Difficult Terms Explained

  • Fiscal Responsibility and Budget Management (FRBM) Act: A law in India that binds the government to a fiscal deficit target.
  • Fiscal Deficit: The difference between the government's total expenditure and its revenue, excluding borrowings.
  • Debt-GDP Ratio: A measure comparing a country's total debt to its Gross Domestic Product (GDP).
  • Capex (Capital Expenditure): Government spending on assets like infrastructure (roads, railways) that have long-term value.
  • Golden Rule (Fiscal): A rule suggesting that governments should only borrow for investment (capex), not for day-to-day expenses.
  • Refinancing Risks: The risk that a government or company may not be able to repay or roll over its existing debt when it matures.
  • Ultra-long Bonds: Government bonds with very long maturity periods, often 30 years or more.
  • Public Debt Management: The process by which governments manage their outstanding debt, including issuing new debt and repaying old debt.
  • Artificial Intelligence (AI): Technology that enables machines to simulate human intelligence processes like learning, problem-solving, and decision-making.
  • Machine Learning (ML): A subset of AI that allows systems to learn from data and improve performance without explicit programming.
  • Generative AI (GenAI): AI models that can create new content, such as text, images, or music.

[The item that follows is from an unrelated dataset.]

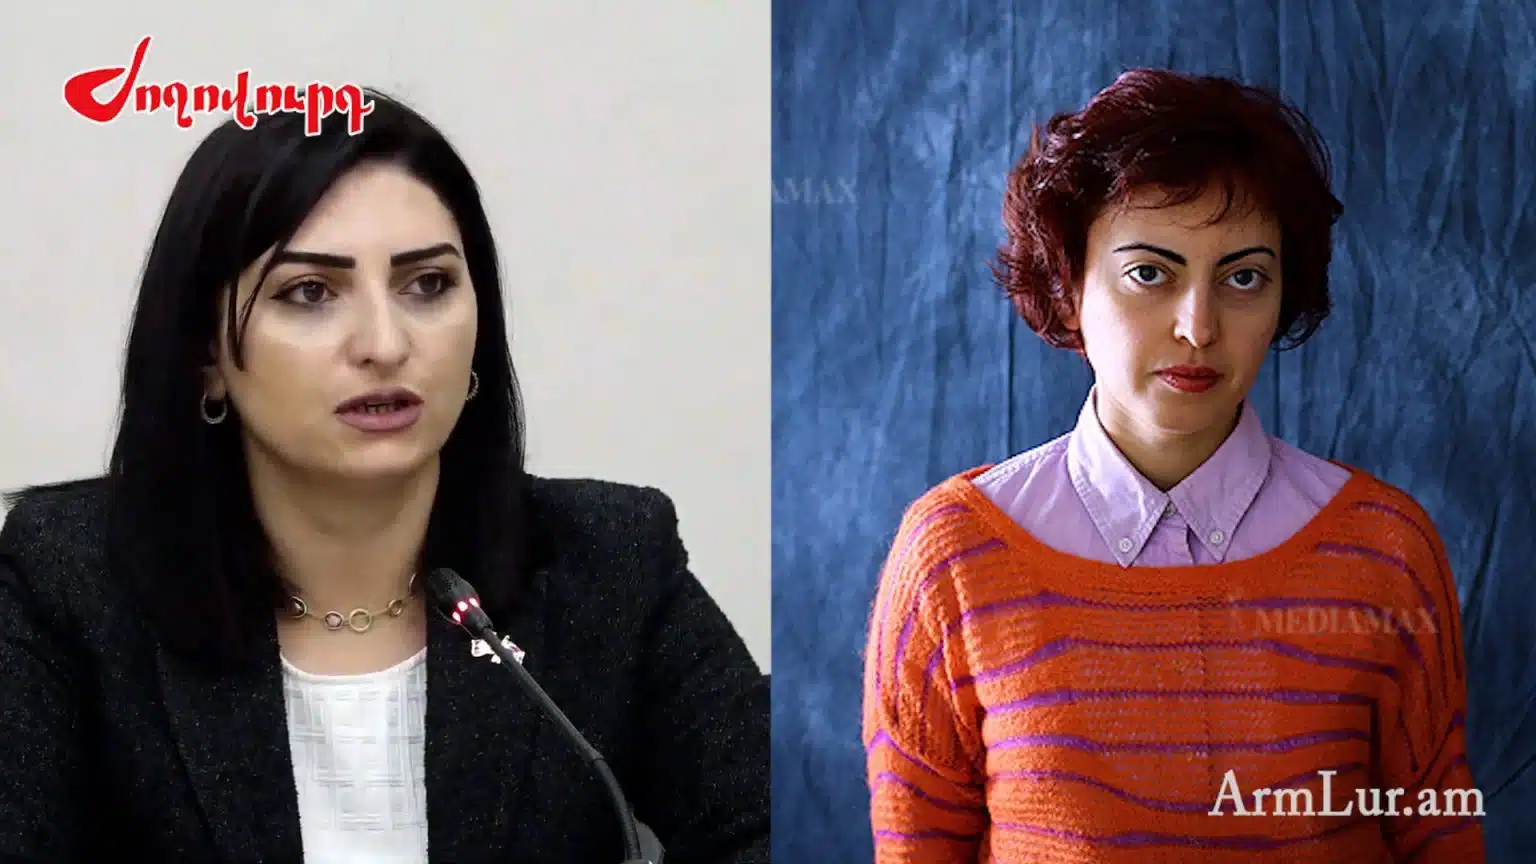 Թագուհի Թովմասյանը Լենա Նազարյանին մեղադրեց բեսպրեդելի ու դատական համակարգի նկատմամբ անարգանքի համար
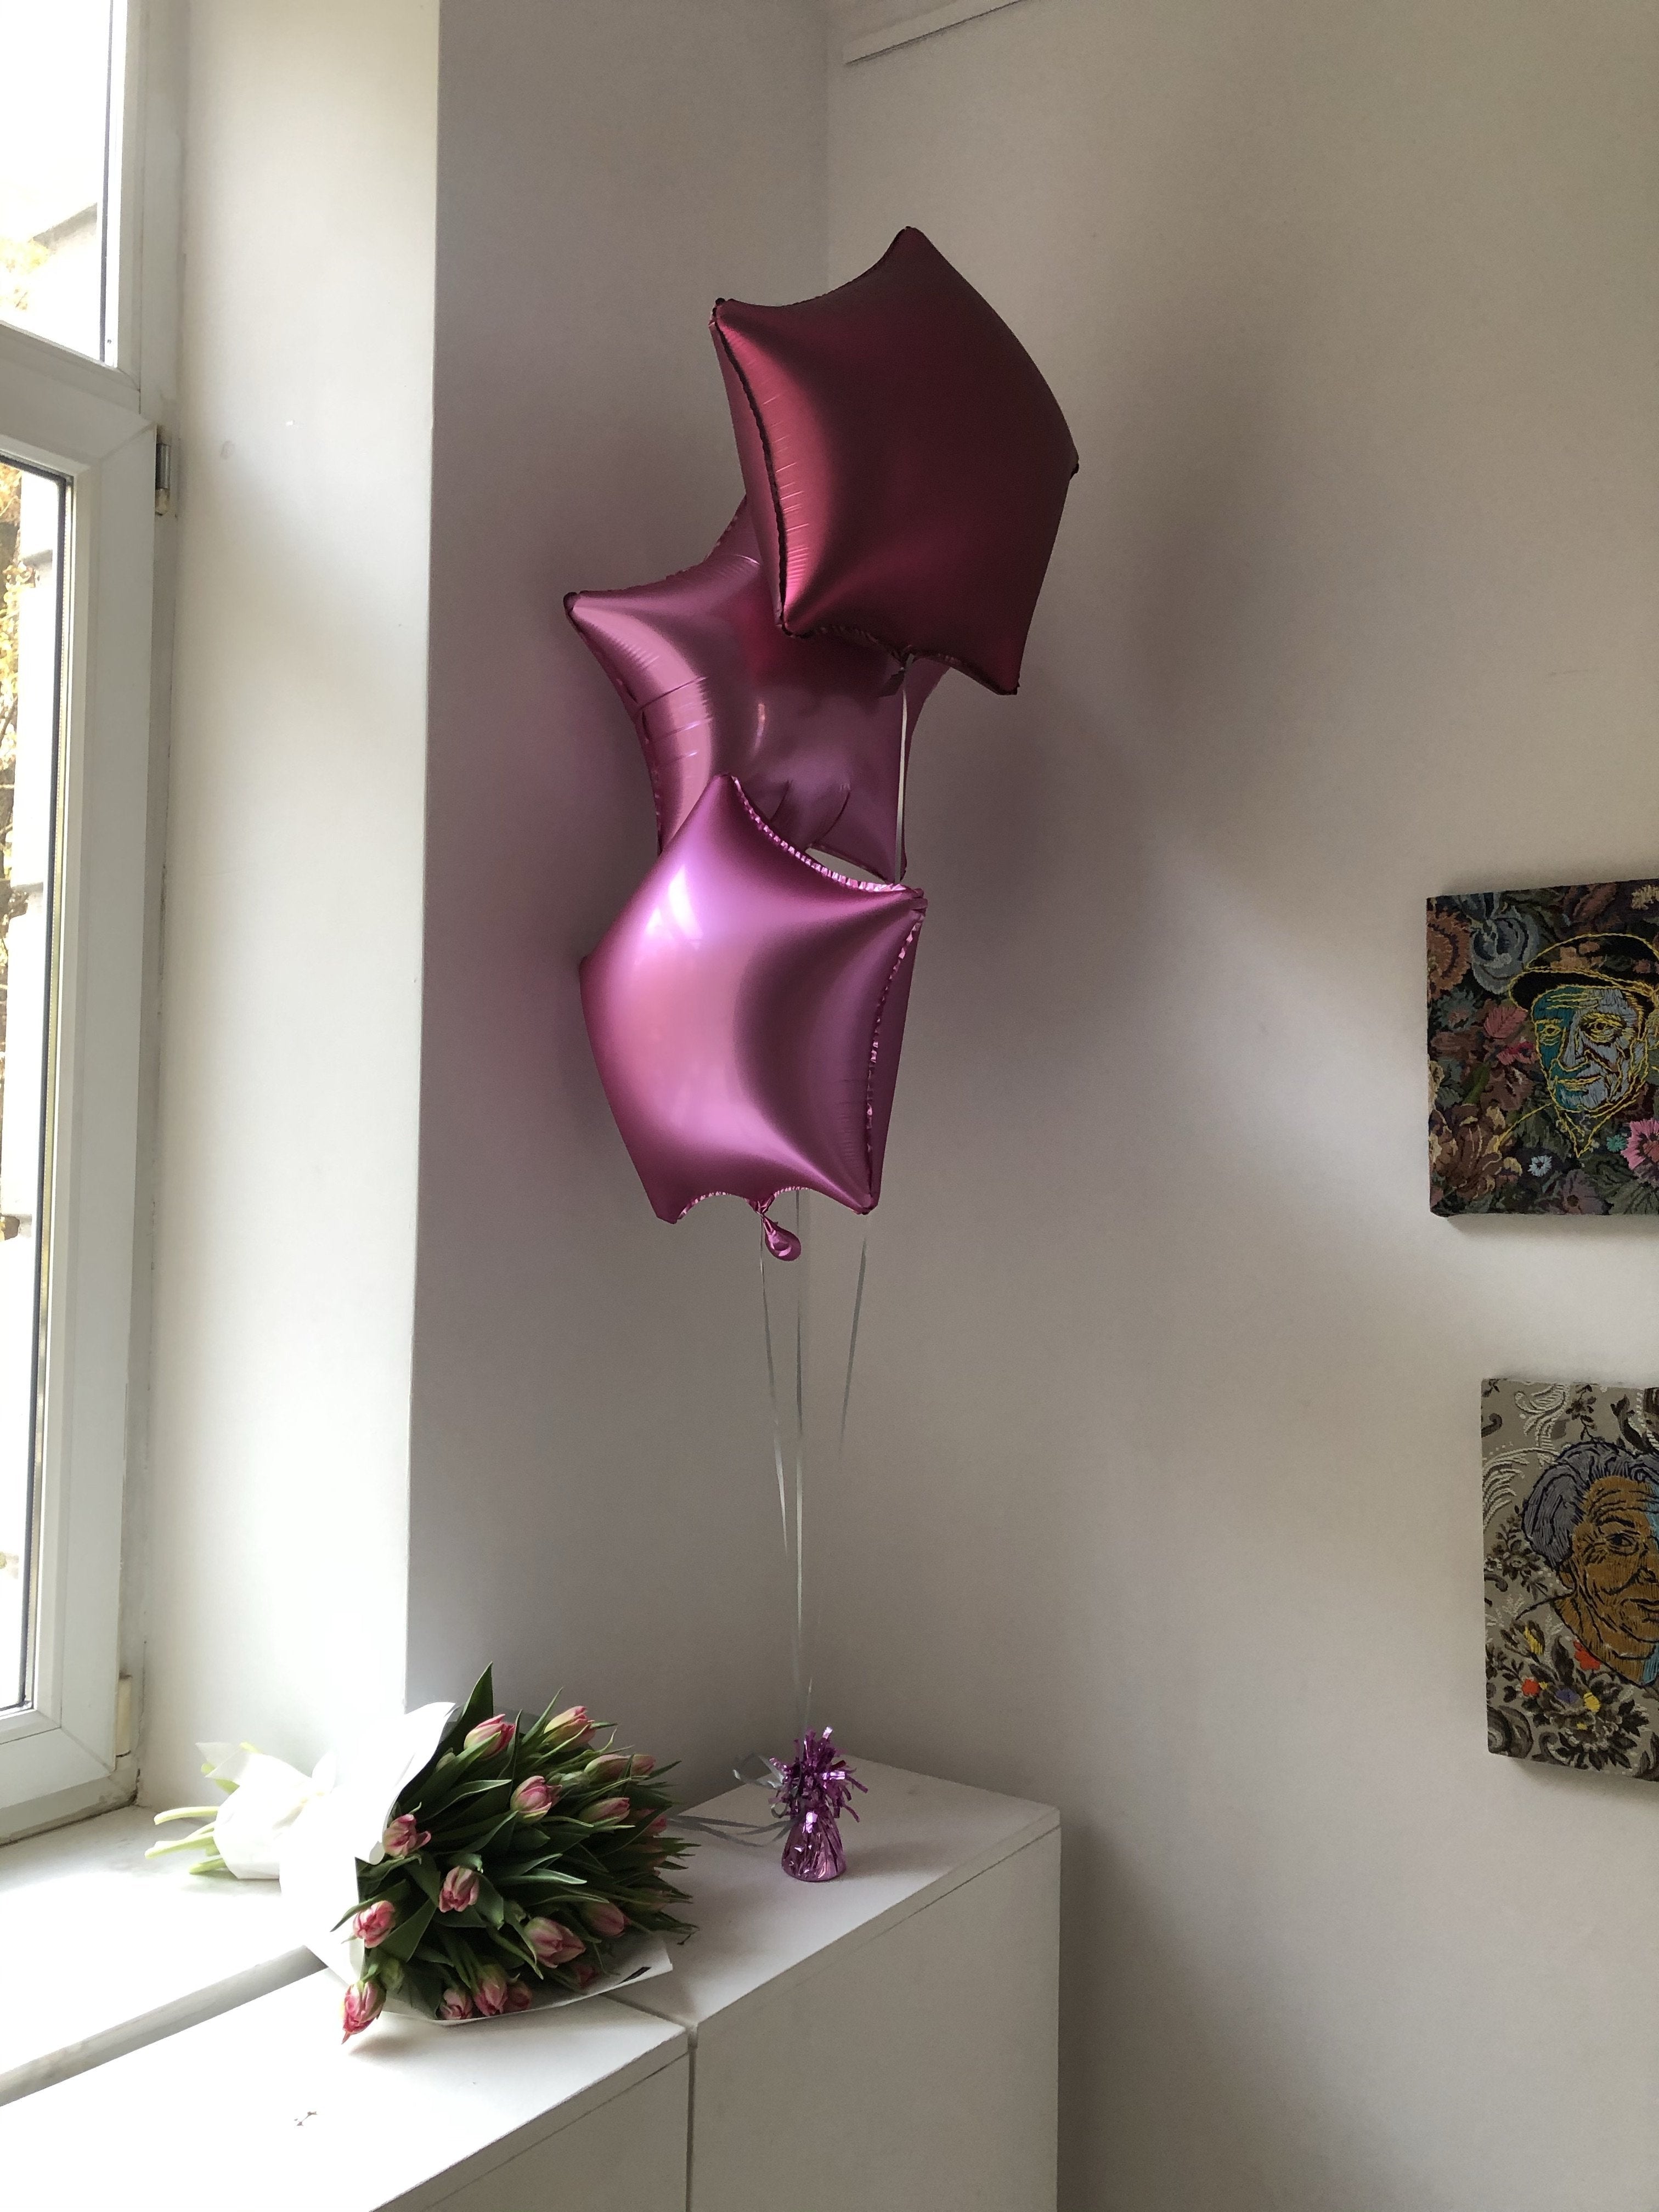 3 Helium balloons

  • Large Language Models (LLMs): AI models trained on vast amounts of text data, capable of understanding and generating human-like text.
  • Central Bank Digital Currency (CBDC): A digital form of a country's fiat currency, issued and regulated by the central bank.
  • FREE-AI: A framework by the Reserve Bank of India promoting Fairness, Reliability, Explainability, Ethics, and Accountability in AI usage by financial entities.
  • NITI Aayog: India's policy think tank that replaced the Planning Commission.
  • MeitY (Ministry of Electronics and Information Technology): A government ministry responsible for IT and electronics policy in India.
  • Regulatory Arbitrage: The practice of exploiting differences between regulatory systems to gain an advantage, often reducing compliance costs.
  • Climate Finance Taxonomy: A system for classifying economic activities that are considered environmentally sustainable or contribute to climate goals.
  • Net-zero Emissions: Achieving a balance between greenhouse gas emissions produced and emissions removed from the atmosphere.
  • ESG (Environmental, Social, and Governance): A set of standards for a company's operations that socially conscious investors use to screen potential investments.
  • Gender Budgeting: An analysis of government policies and budgets to identify their differential impact on men and women.
  • Care Economy: Refers to the economic activities related to caring for people, including childcare, eldercare, and healthcare, both paid and unpaid.
  • SDG 5: The United Nations Sustainable Development Goal focused on achieving gender equality and empowering all women and girls.
  • TDS (Tax Deducted at Source): A tax that is deducted at the source of income, typically by the payer.
  • SEBI (Securities and Exchange Board of India): The regulator for the securities market in India.
  • RBI (Reserve Bank of India): India's central bank and regulatory body for the banking sector.